Of the surplus, IMD said, nine Met sub-divisions across Western and contiguous North and South India, including Gujarat and Saurashtra, recorded individual surpluses.

The trend might largely hold for the rest of the month at least in the North, IMD said and expressed a suspicion that a fresh low-pressure area might develop over West-Central and adjoining North-West Bay of Bengal sooner than later.

The system might get a move in a West-North-West direction into land and is expected to further enhance rainfall over East and Central India during August 23 -29, it said.

So, the rains might last virtually into the end of the month (August, normally the second rainiest) for East and Central India, also bringing along with the threat for flooding/landslides at vulnerable locations, IMD said.

IMD’s announcement of Indian rainfall moving into surplus territory confirmed the report on ‘FY2020 Monsoon’, prepared by analysts Suvodeep Rakshit and Anindya Bhowmick, of Kotak Institutional Research, released to their clients earlier this week.

The report said, till August 14, cumulative rainfall was 0.1 per cent above long-term average with the weekly rainfall 45.1 per cent above long-term average (due to heavy rainfall across western and central India).
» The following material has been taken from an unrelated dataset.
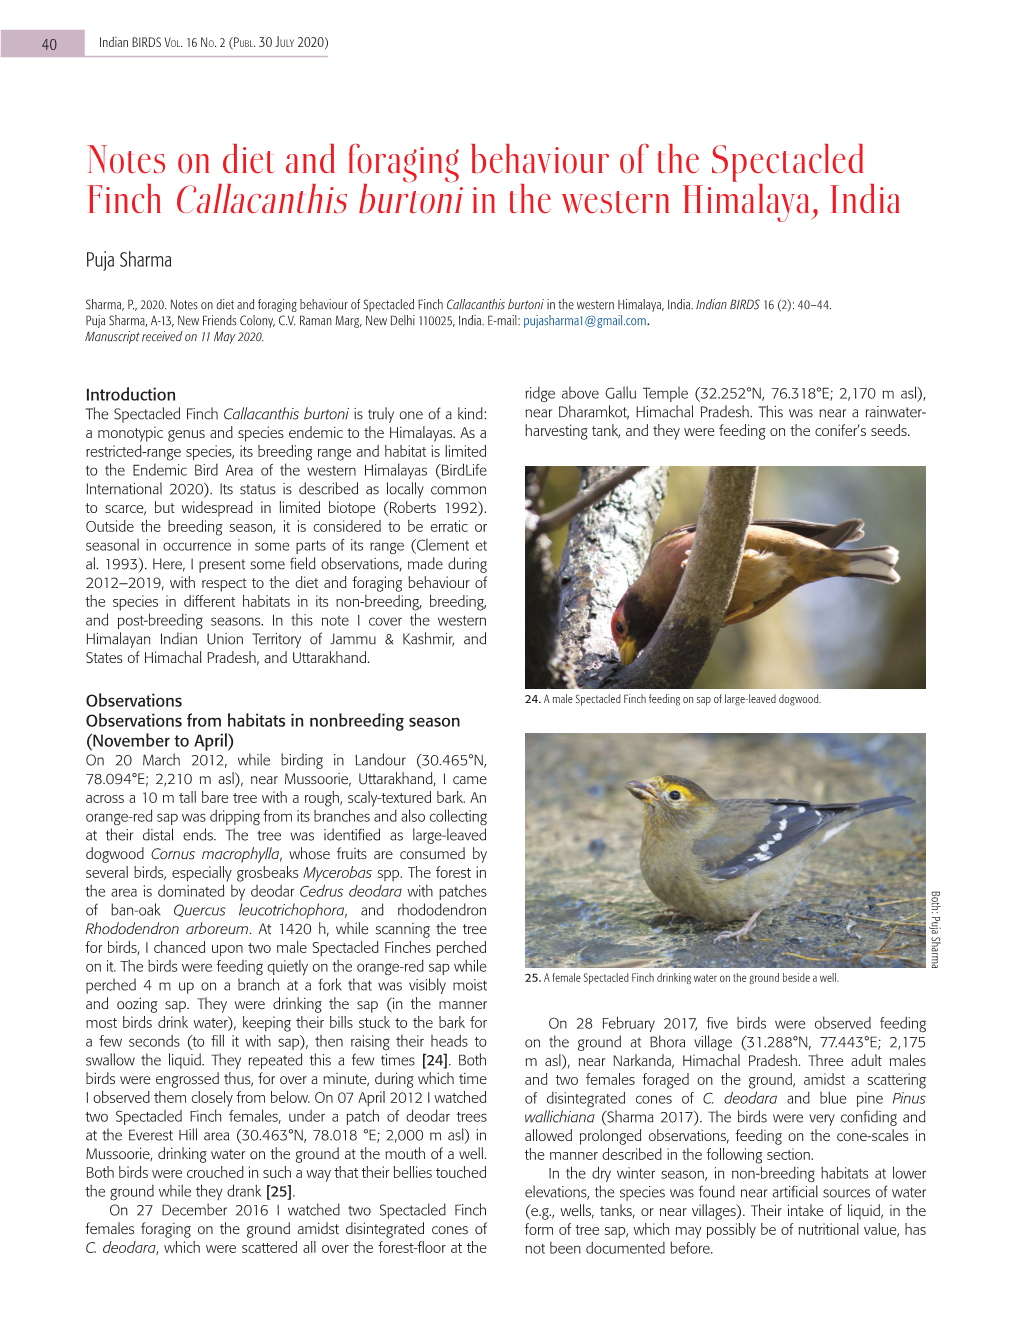 Notes on Diet and Foraging Behaviour of the Spectacled Finch Callacanthis Burtoni in the Western Himalaya, India

On a cumulative basis, spatial distribution of monsoon was normal though rainfall has been somewhat weak in eastern and northern India. Out of the 36 sub-divisions across India, till date, nine have received deficient rainfall, 19 have received normal rainfall, and eight have received excess rainfall.

As a result of satisfactory progress of monsoon, the Kotak report said, average weekly price levels indicate that food prices changes have been mixed over last week. Vegetable prices increased 0.5 per cent over last week while the prices of pulses fell 0.9 per cent. Cereal prices fell 1.6 per cent while the price of oils and fats increased 2.7 per cent over last week in the week ending August 11.
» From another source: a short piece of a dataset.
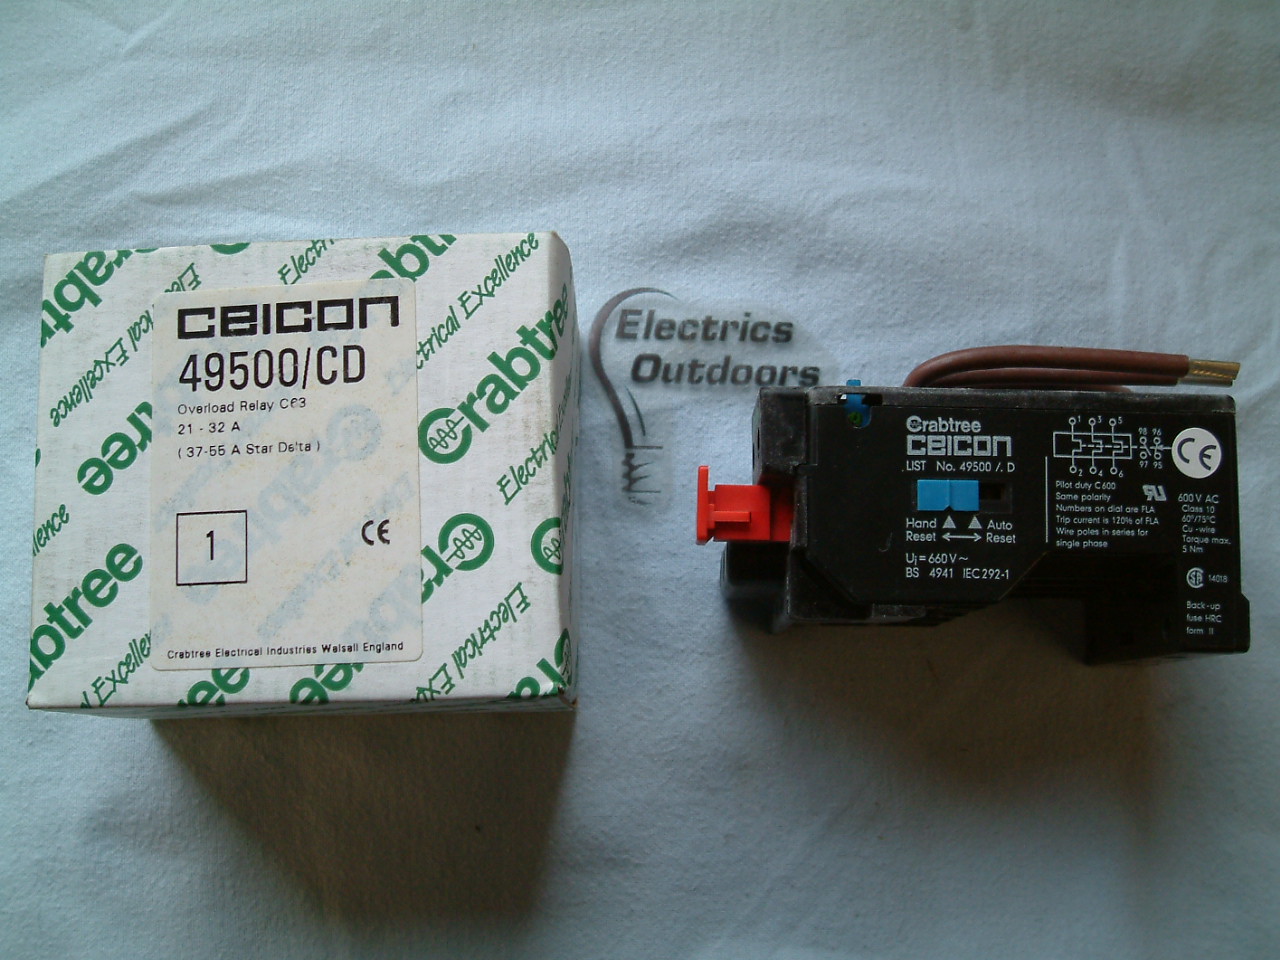 CRABTREE CEICON OVERLOAD RELAY C63 21 - 32 A 49500/CD

However, the sowing status is still lower than last year, the report said. As of August 8, the total kharif acreage was 5.3 per cent lower than the same period last year. Rice sowing was 12.8 per cent lower at 26.5 million (mn) hectares. Oilseed acreage was 3.3 per cent lower at 15.7 mn hectares and pulses acreage at 11.5 mn hectares was 4.9 per cent lower than last year. Coarse cereal acreage was 0.9 per cent lower at 15.4 mn hectares. Sugarcane and cotton acreages were at 5.2 mn hectares (5.5 mn hectares last year) and 11.9 mn hectares (11.3 mn hectares last year) respectively.

More than adequate amount of Rainfall has eased the problem of drinking water to a substantial level. The report claimed Reservoir levels across the country have moved into significant surplus. Giving Basin-wise details, it said, reservoir levels moved into significant surplus compared to long-term average levels.

Of the larger river basins Indus (north India), Godavari (west and south), Kaveri (south), Krishna (west and south), and Narmada (central and west) was in surplus while Ganga (north and east), and Mahanadi (central and east) were in deficit. Overall, basins and reservoirs were around 22 per cent above long-term average for week ending August 15, it concluded.